Restate the full listing word for word; images stay out of it.
*** Material provided
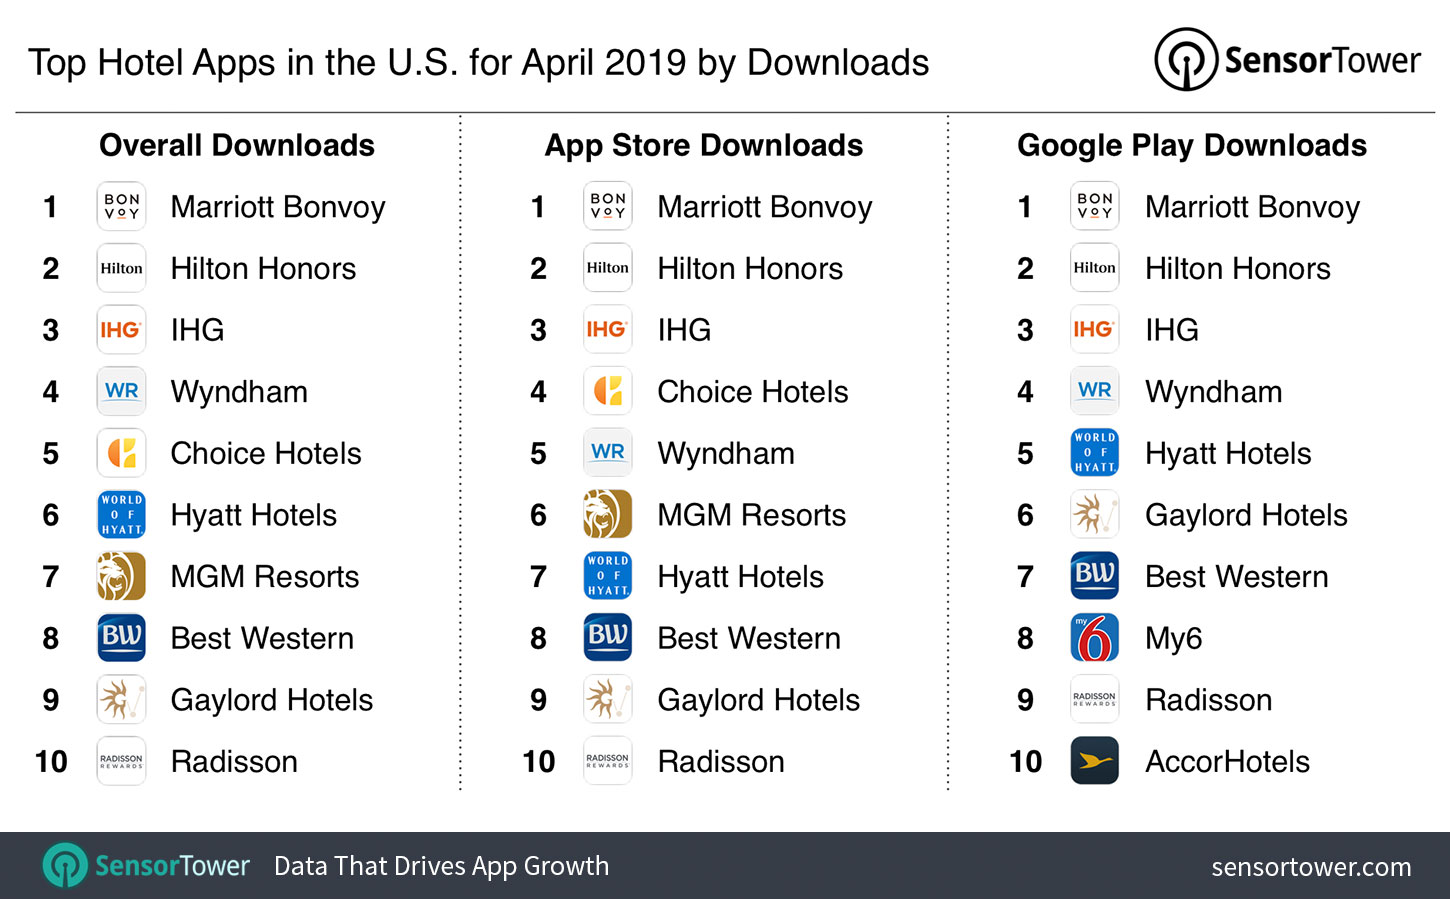 Top Hotel Apps in the U.S. for April 2019 by Downloads
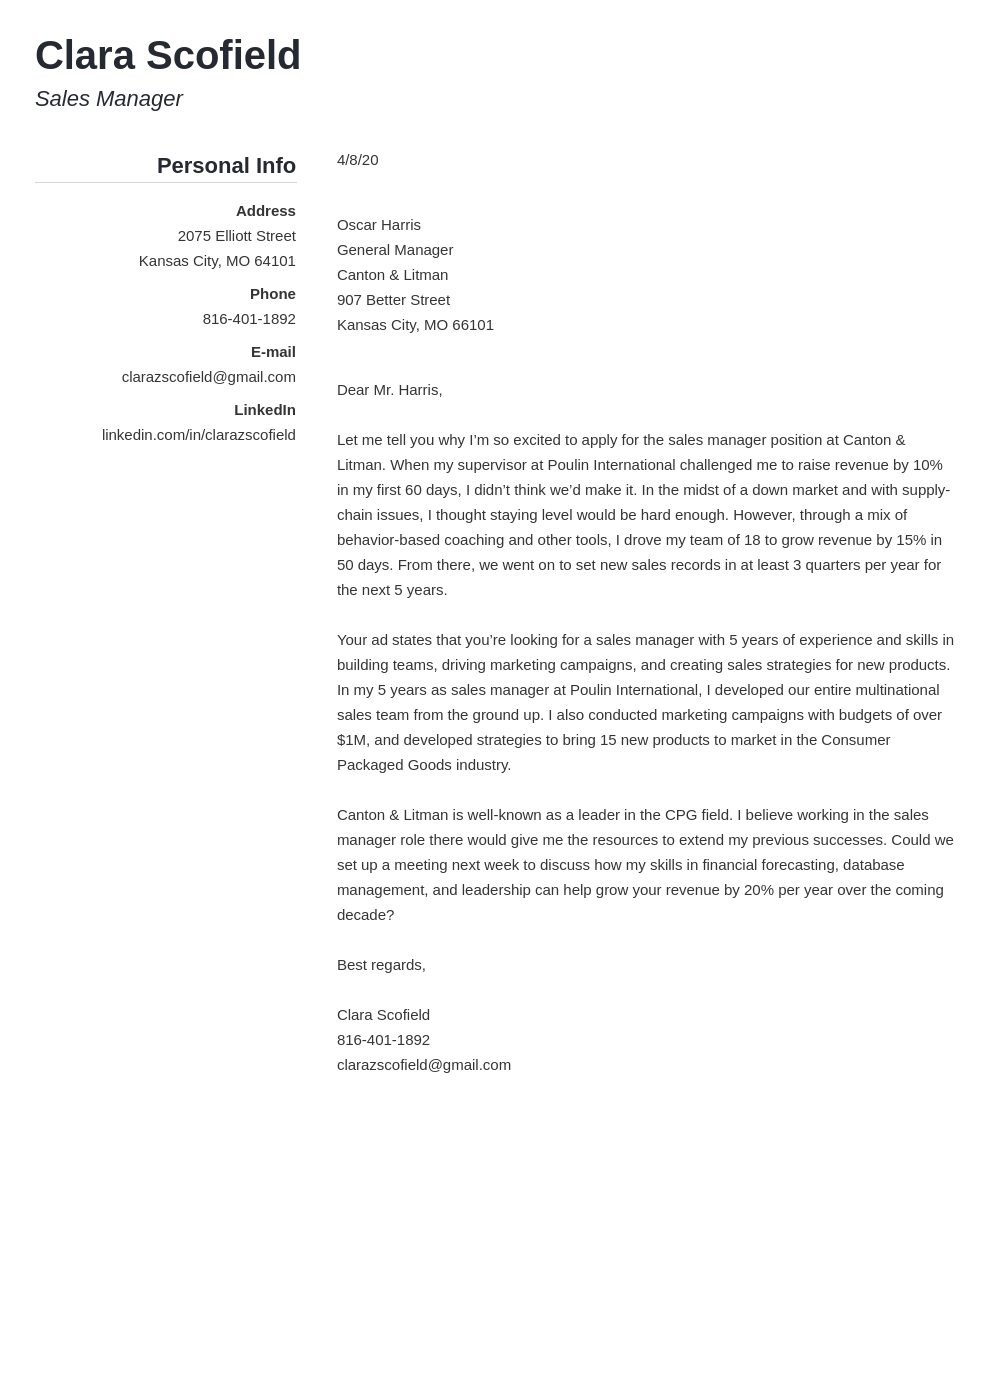 Sales Manager Cover Letter Examples & Writing Guide
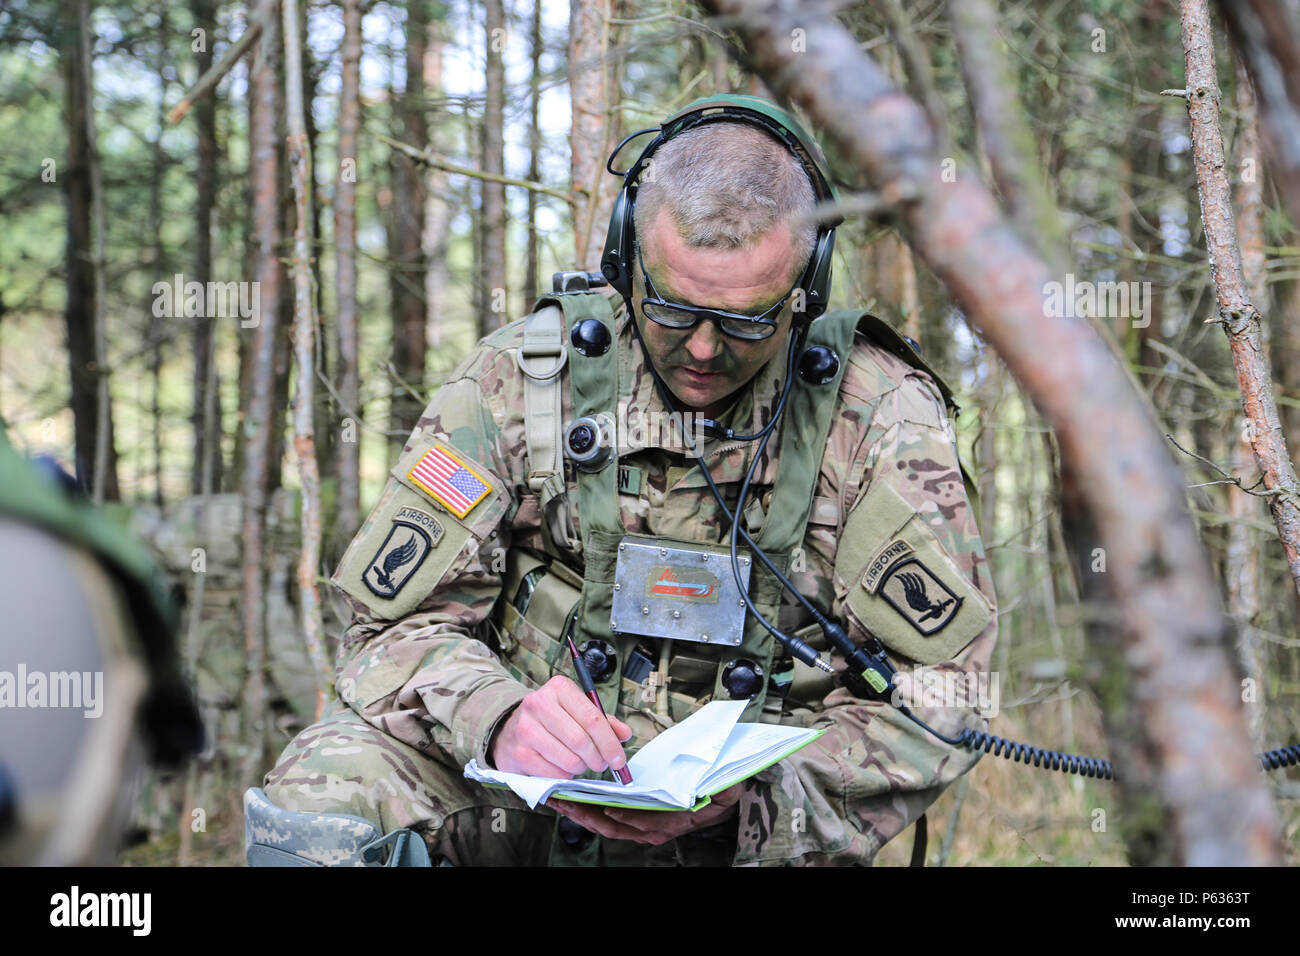 A U.S. Soldier of the 173rd Airborne Brigade writes corrects coordinates while conducting a pre-missions brief during exercise Saber Junction 16 at the U.S. Army’s Joint Multinational Readiness Center (JMRC) in Hohenfels, Germany, April 13, 2016. Saber Junction 16 is the U.S. Army Europe’s 173rd Airborne Brigade’s combat training center certification exercise, taking place at the JMRC in Hohenfels, Germany, Mar. 31-Apr. 24, 2016.  The exercise is designed to evaluate the readiness of the Army’s Europe-based combat brigades to conduct unified land operations and promote interoperability in a jo Stock Photo
******
* [Written solution]
 Top Hotel Apps in the U.S. for April 2019 by Downloads
 Sales Manager Cover Letter Examples & Writing Guide
 A U.S. Soldier of the 173rd Airborne Brigade writes corrects coordinates while conducting a pre-missions brief during exercise Saber Junction 16 at the U.S. Army’s Joint Multinational Readiness Center (JMRC) in Hohenfels, Germany, April 13, 2016. Saber Junction 16 is the U.S. Army Europe’s 173rd Airborne Brigade’s combat training center certification exercise, taking place at the JMRC in Hohenfels, Germany, Mar. 31-Apr. 24, 2016.  The exercise is designed to evaluate the readiness of the Army’s Europe-based combat brigades to conduct unified land operations and promote interoperability in a jo Stock Photo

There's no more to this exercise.